Was starting a tribute of Led Zeppelin different than starting an original band?We had no connections in the business. We didn’t have money … Our band is from the ground up like any other band that would go out there and live out of hotel rooms with two rooms and four band members, eating one meal a day, a hamburger or whatever, for two years at a time. You’re on the ramen noodle diet. Plus beer. It’s no different. You’re still a band new to most people every town you go to.

Do you mind that you’re portraying a 1970s character and there are smart phones across your audience breaking the vibe, recording you?It doesn’t bother me. In the old days, people used to take an 8MM to the show. They would bring their tape recorders. I think big-time artists don’t like it because people can see them for free, that’s what it’s all about … Why should they get mad if people who have already paid to see them decide to record? Everyone in the world can’t see you on a 40-date tour. They say, “Oh, well, we’ll release a live DVD and phones recording us ruins that.” That is absolute greed. In the old days, when bands were in their prime, people still recorded them. Not as much, the technology wasn’t as available, but it existed. They didn’t care because they sold out the show and sold albums. Why care about it now?

Have you ever met anyone in Led Zeppelin?Unfortunately, no. We’re always playing and they’re more elusive guys now.

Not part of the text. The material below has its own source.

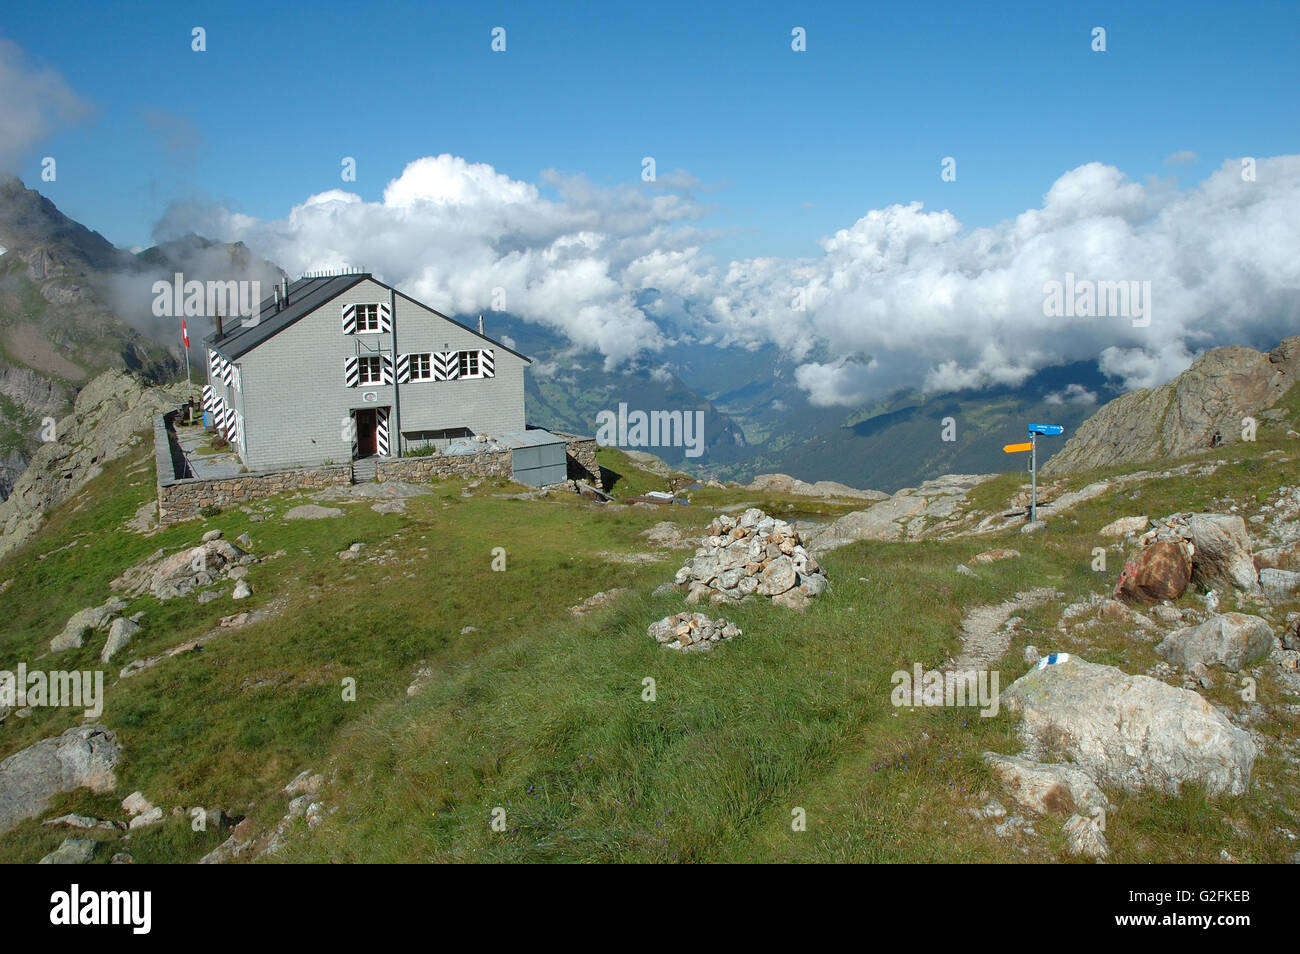 Grindelwald, Switzerland - August 21, 2014: Glecksteinhutte mountain hostel nearby Grindelwald Alps in Switzerland. Stock Photo

Would it be terrifying if they came to a show?I would love it. I would love to meet them. I don’t think I would be as intimidated as when we first started. We’ve been doing it so long. I hope I do get to meet at least one of them.

People come up to us all the time and say, “Hey, man, check out this picture of me and Robert!” And I wanna be like “Come on! Get away from me, man!” [Laughs] I’m always working and I can’t go to events they do.

After 22 years and over 2,400 shows, what still charges you up about ZoSo?I love being a musician. I love being a performer, period. I love it. I loved it before I knew the corruption of it, the drugs, the drinking. I’m a purist at heart with it.

I am fortunate, very, very fortunate and I’ve worked to put myself in the position of being fortunate, that in the year 2017, I am playing in a rock band. This is an anomaly. I get to be in a rock band and play great music with great musicians in front of receptive people. One night it is in front of 2,000, the next night 500, the next 1,000. It doesn’t matter the size; I get to be a musician. I am living something a lot of musicians don’t get to, the dream of making a good living out of music that I enjoy playing … What’s there to be an asshole about? You get to play rock ‘n’ roll every night. It’s awesome.